The defendant's appeal is dismissed.

Expenses for appeal shall be borne by the defendant.

Purport of claim and appeal

purport.

Reasons

1. The reasoning of the court’s explanation concerning this case is as follows: (a) the pertinent part of the judgment of the first instance is modified as stated in the following 2; and (b) it is identical to the reasoning of the judgment of the first instance except to supplement or add the judgment as stated in the following 3. Therefore, it is acceptable in accordance with the main sentence of Article 420

2. Revised parts

A. Following the second 10th “Troro”, the name of the Defendant is the same as that of the Defendant, but the representative director and the location of the head office are different.

“Addition”

(b)be added to the following "including 6: hereinafter the same shall apply):

(c) modify 4 6 o’n to “n’t”.

(d) revise the term “non-registration” for each “non-registration” in the fourth, fourth, fourth and last parallel of conduct to “non-registration”;

E. In addition to the following on the right side of “2022193” of the last six parallels, the court in this case dismissed the Plaintiff’s appeal on the ground that the Plaintiff’s appeal filed under the suspension of proceedings due to J’s death was unlawful.
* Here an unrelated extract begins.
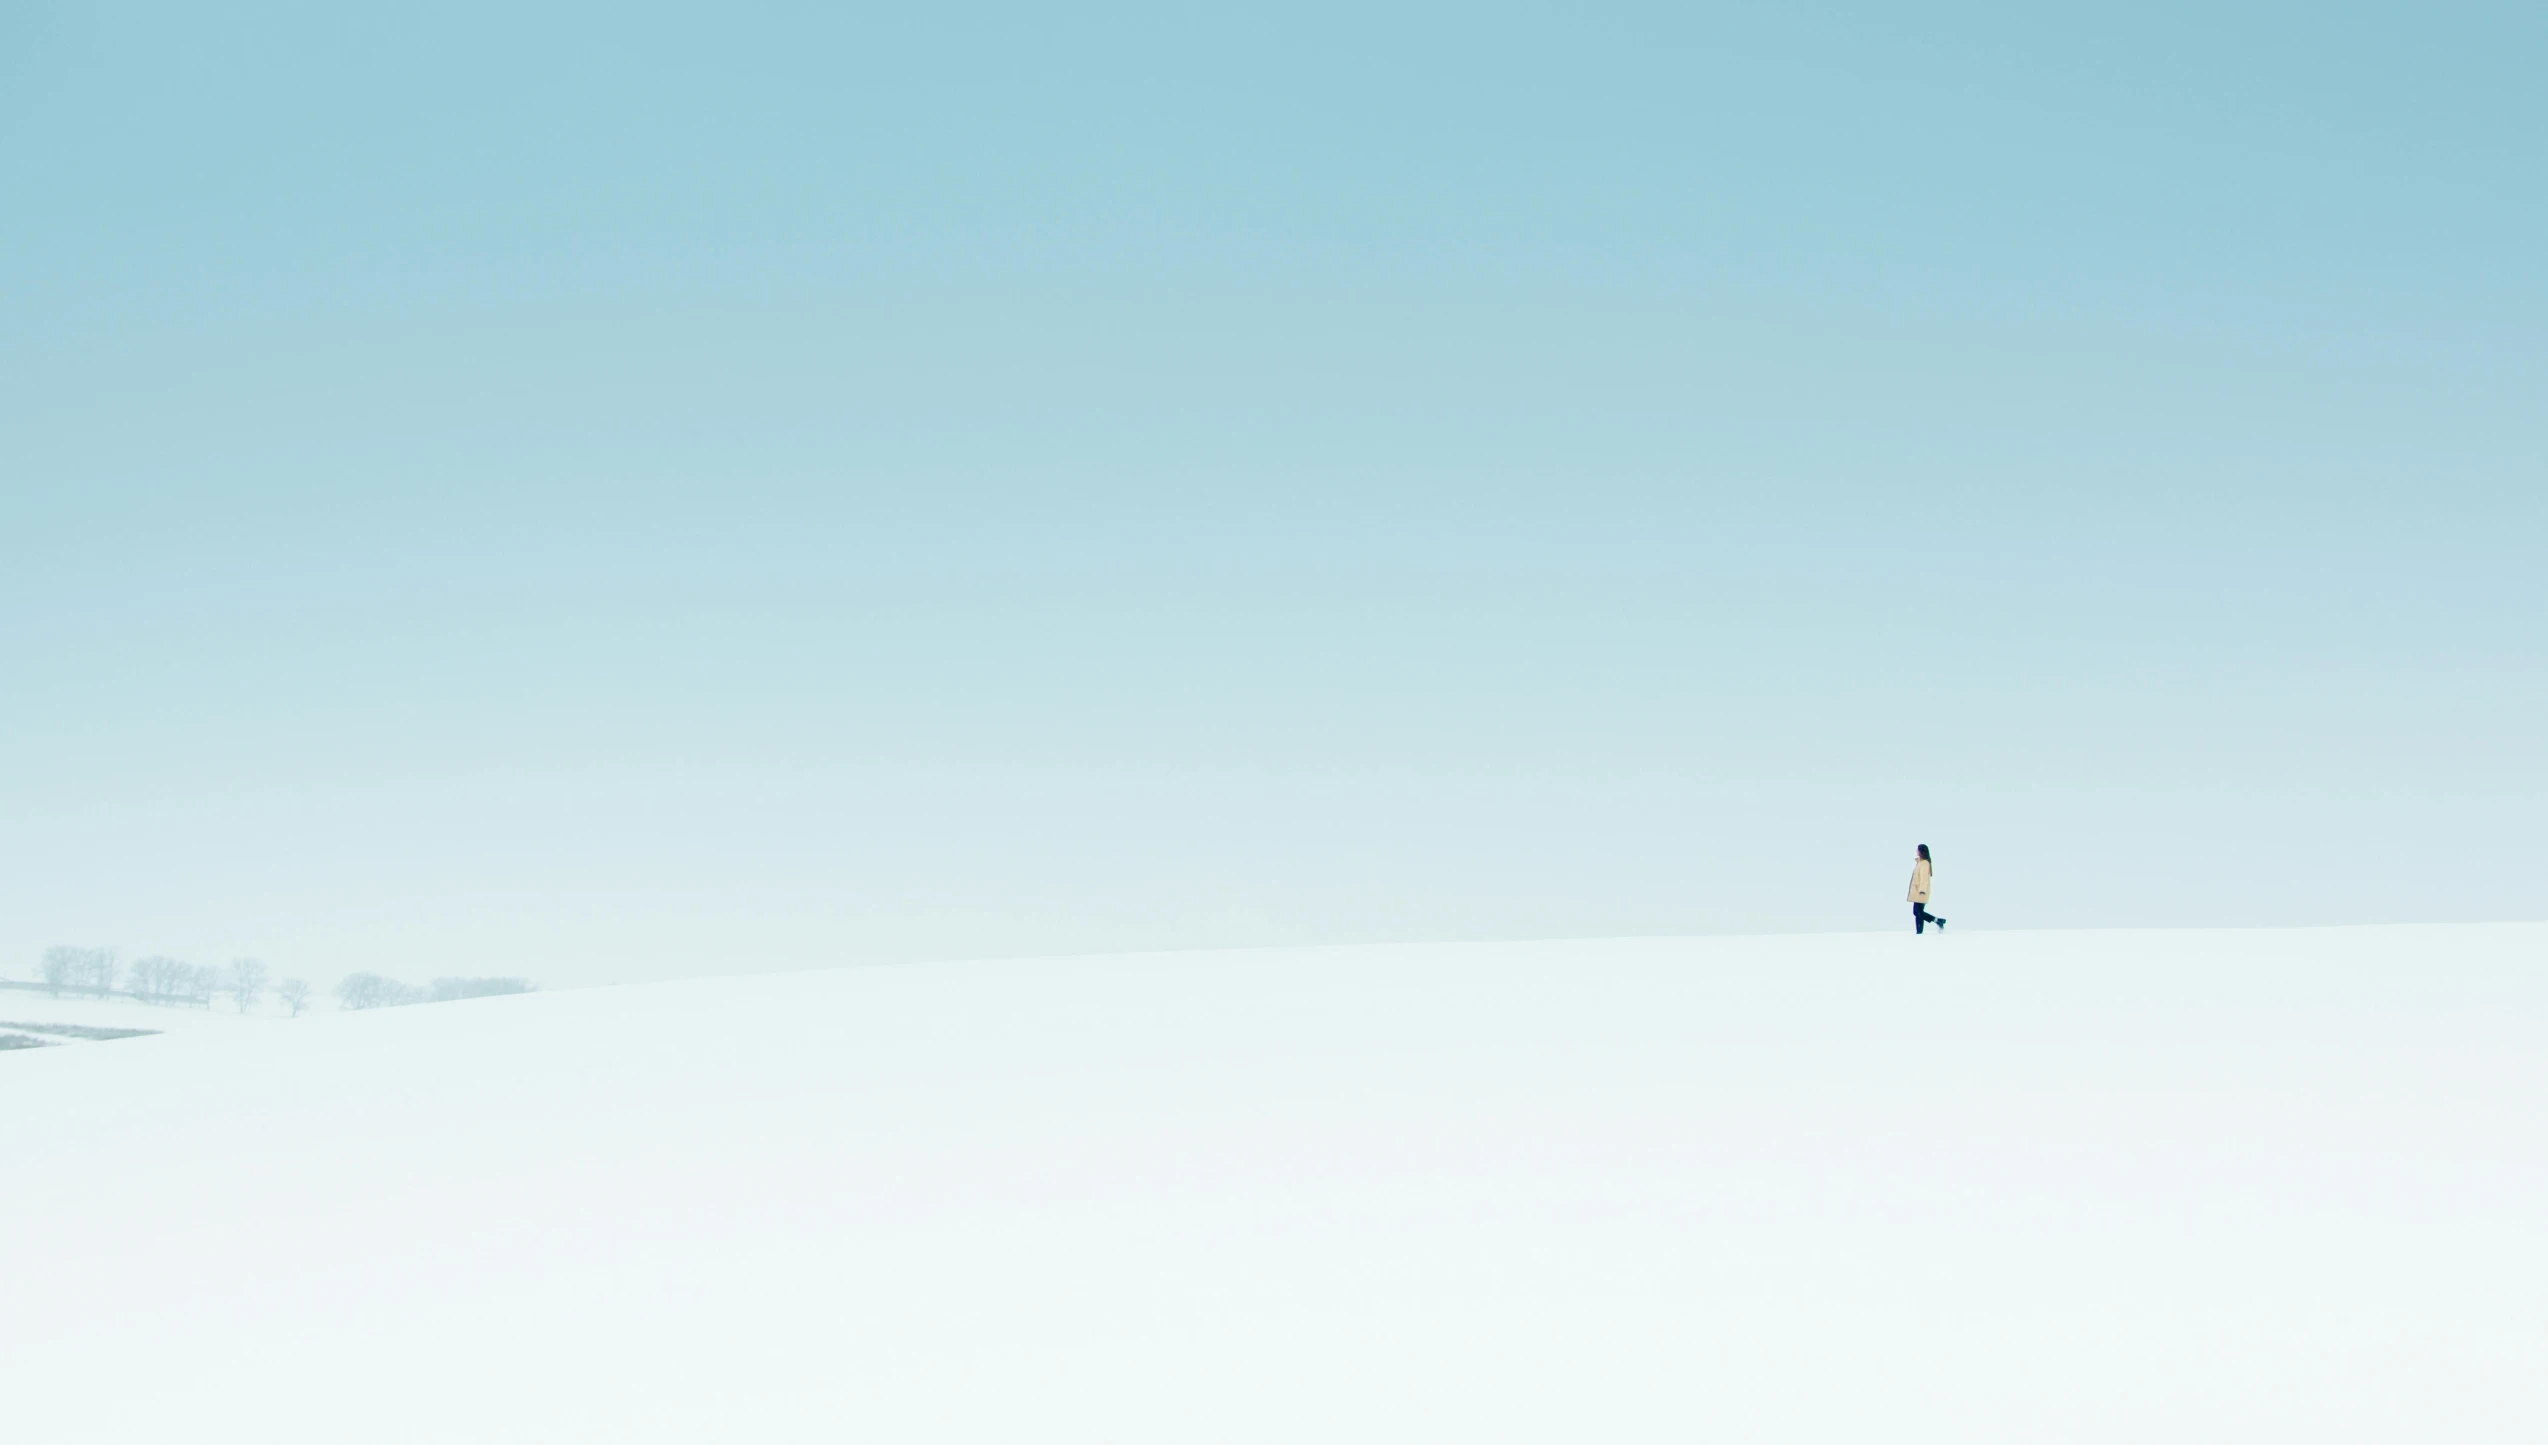 a person walking across a snow covered field, by Matthias Weischer, minimalism, light-blue, computer wallpaper, curiosity, minimalissimo

In the case of Seoul High Court 2014Na2045704, which subsequently brought an appeal, the court dismissed the Plaintiff’s appeal on the ground that the Plaintiff’s decision on temporary general meeting of shareholders on March 12, 2013 was based on the Plaintiff’s list of shareholders as of July 29, 2013, even if the notice of convening the meeting was not given to F, who is deemed to have a 60% share in the convocation procedure, and there is no serious defect to the extent that the

“”

F. The following facts may be acknowledged in full view of Gap evidence 7, 15, 16, Eul evidence 12, 13, and witness K's testimony from 7th to 2th following modifications (1) as follows:

(A) On September 29, 2003, the Plaintiff was in a de facto state of business closure after the Plaintiff paid a default, and was dissolved on December 1, 2008 pursuant to Article 520-2(1) of the Commercial Act.

(B) The representative director F of the Plaintiff made a resolution to continue the company on July 29, 2009.